Data provided →
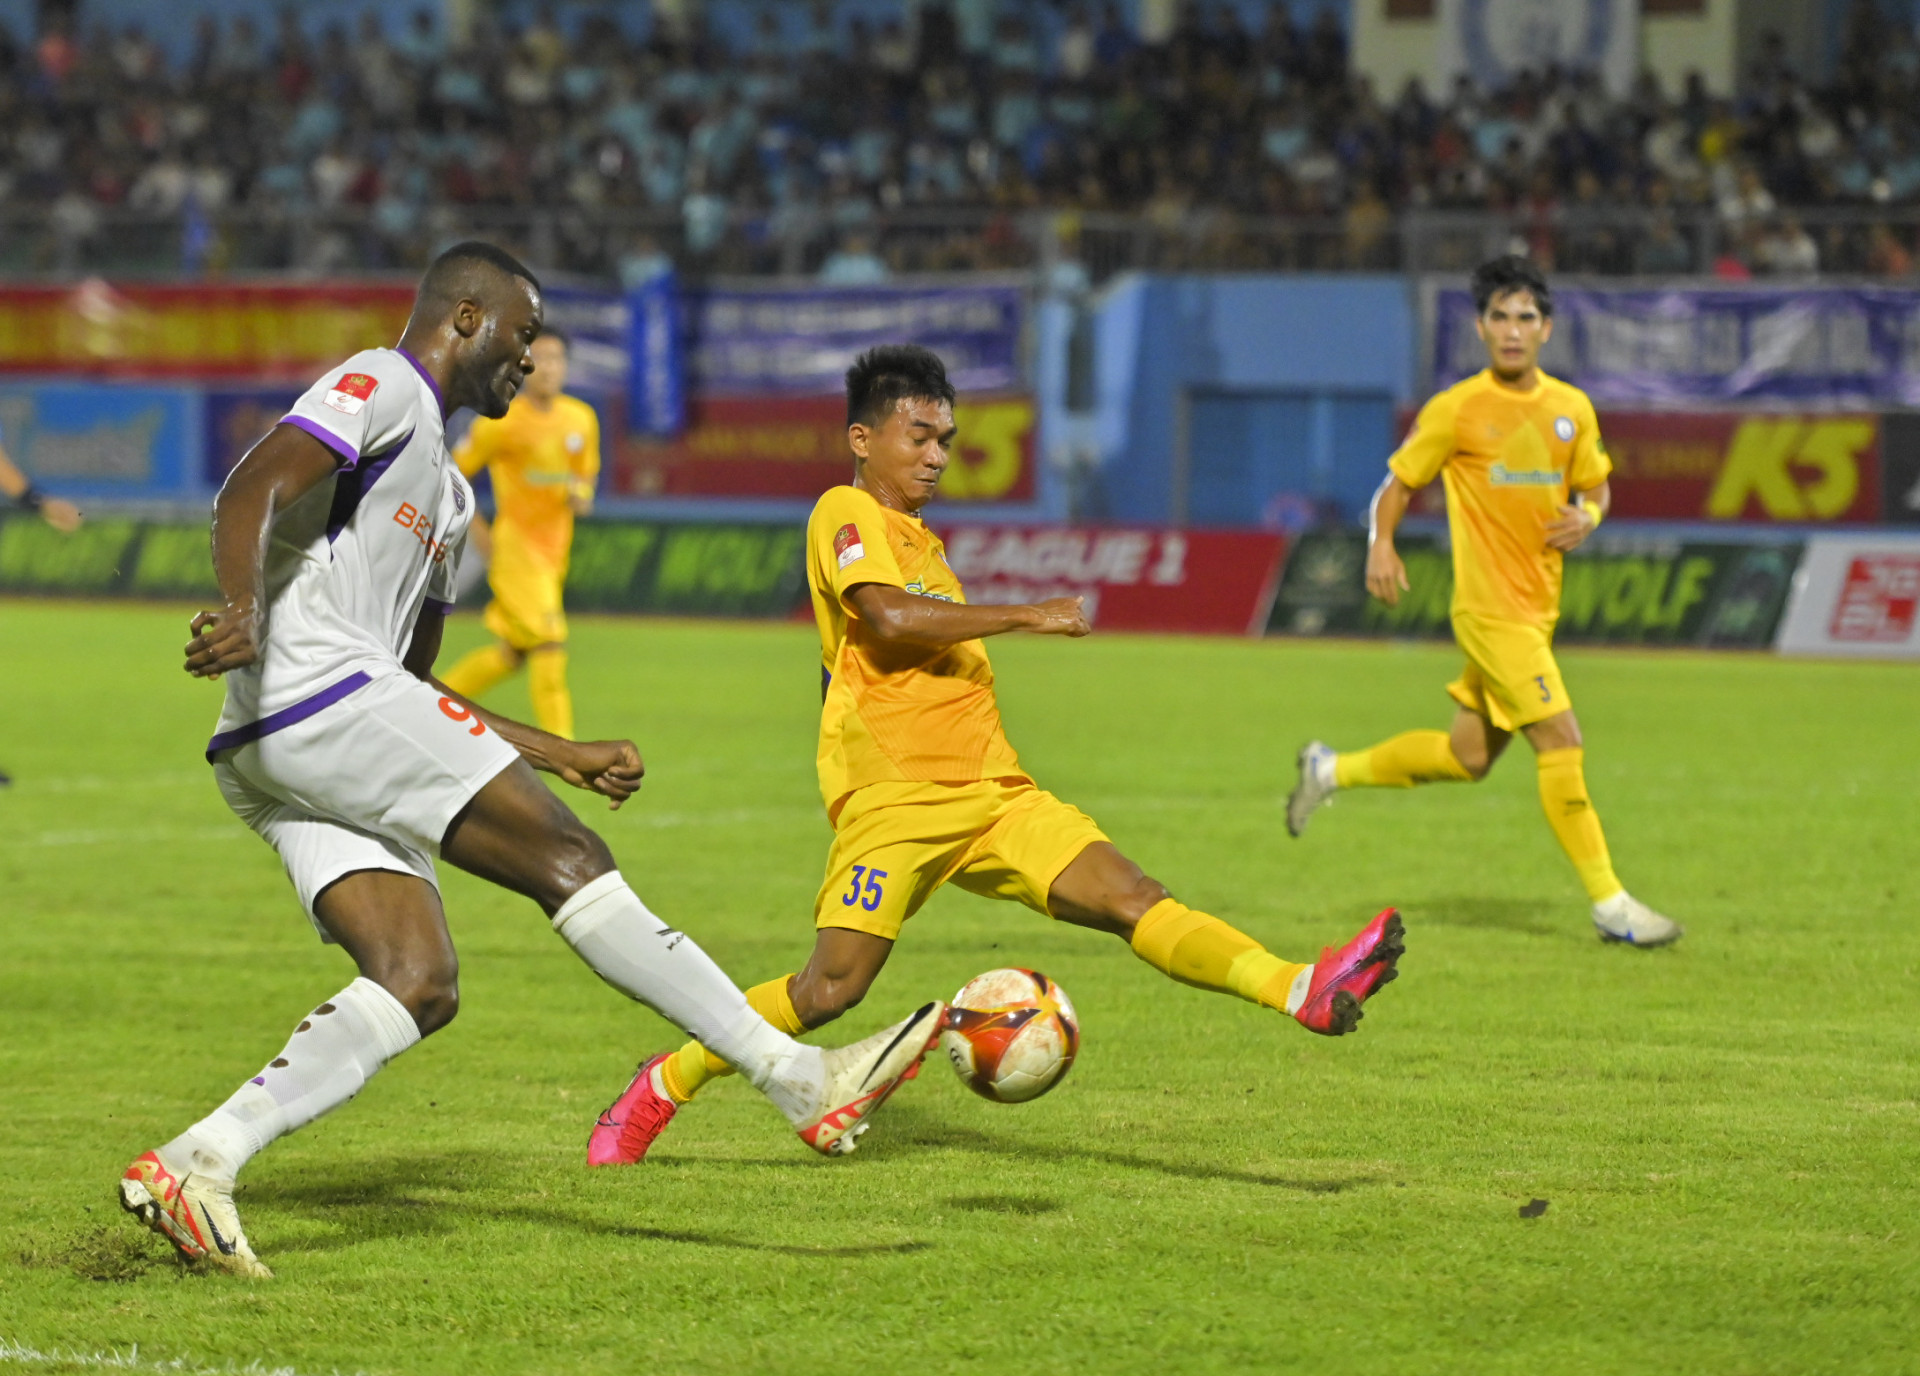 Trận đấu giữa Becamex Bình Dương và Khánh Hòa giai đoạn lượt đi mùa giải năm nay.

* * *

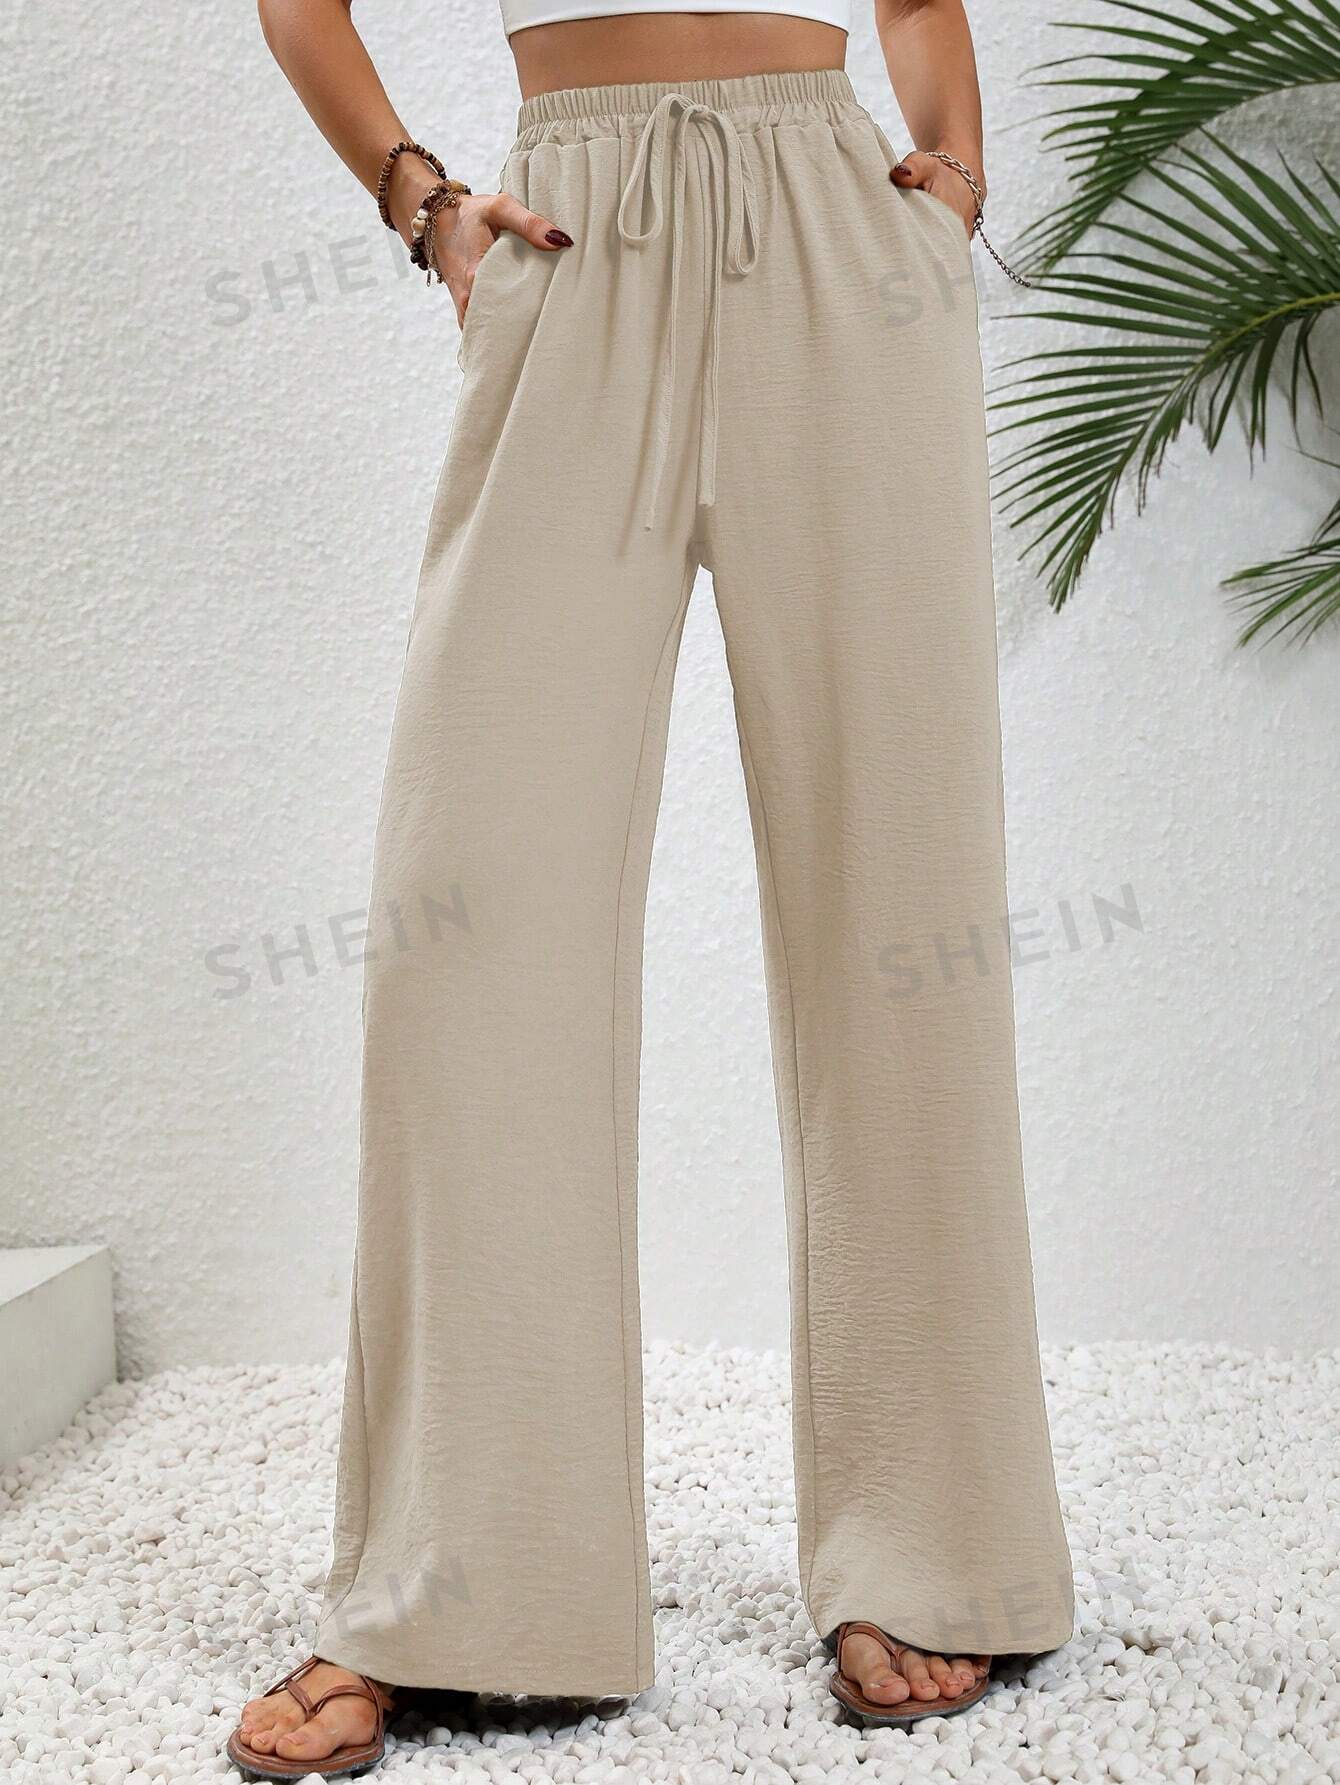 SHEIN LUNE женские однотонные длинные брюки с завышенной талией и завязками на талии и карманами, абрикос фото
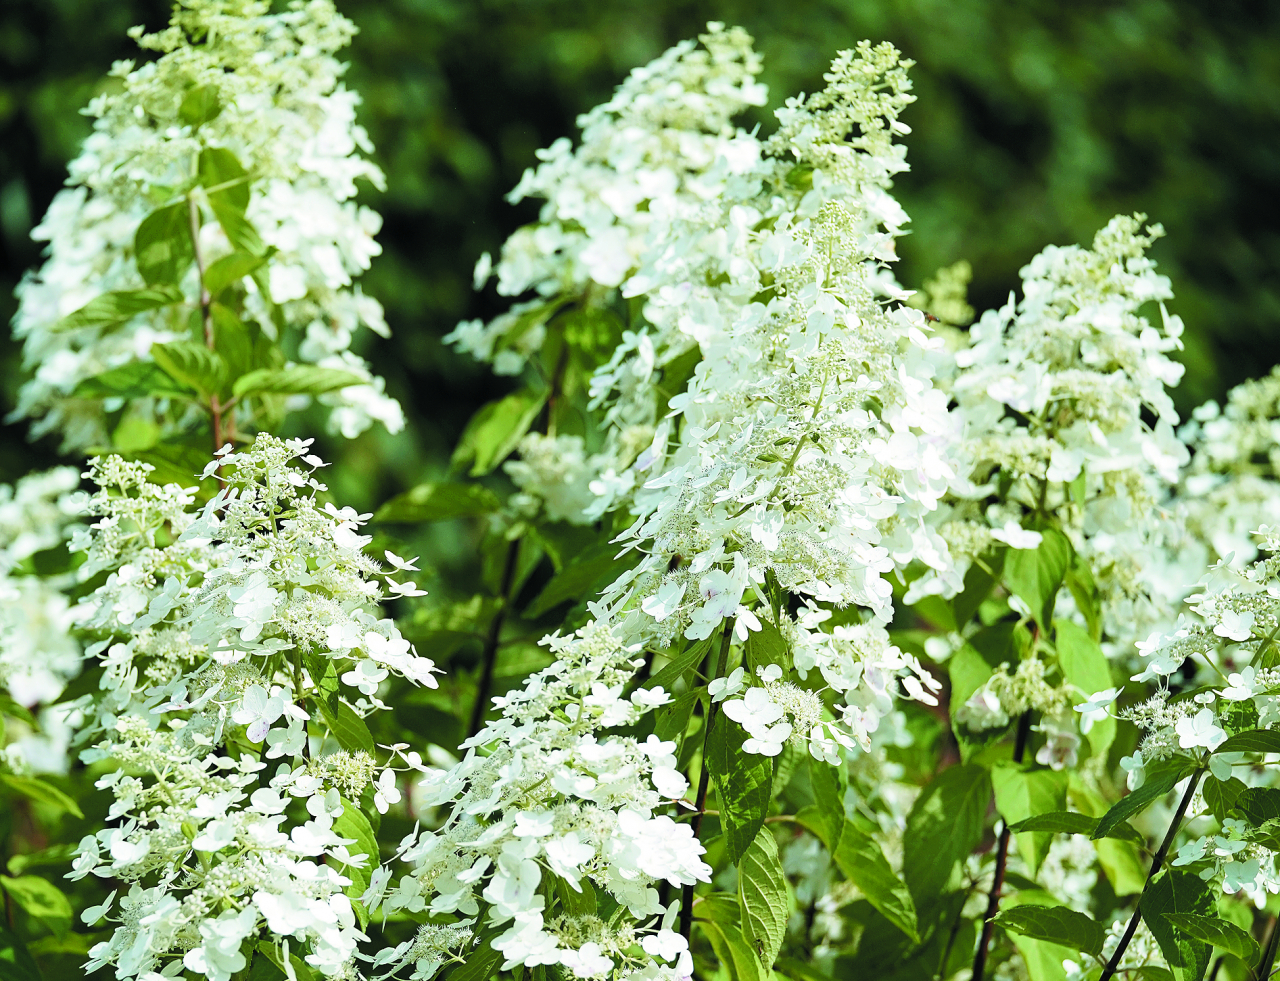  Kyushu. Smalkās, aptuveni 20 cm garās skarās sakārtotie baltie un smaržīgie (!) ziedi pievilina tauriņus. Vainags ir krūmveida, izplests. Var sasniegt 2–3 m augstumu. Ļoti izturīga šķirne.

Work task → Within the listing above, extract exactly the lines that run from the one containing "SHEIN LUNE женские" through the one containing "Kyushu. Smalkās, aptuveni", excluding any pictures.

Written response →
 SHEIN LUNE женские однотонные длинные брюки с завышенной талией и завязками на талии и карманами, абрикос фото
  Kyushu. Smalkās, aptuveni 20 cm garās skarās sakārtotie baltie un smaržīgie (!) ziedi pievilina tauriņus. Vainags ir krūmveida, izplests. Var sasniegt 2–3 m augstumu. Ļoti izturīga šķirne.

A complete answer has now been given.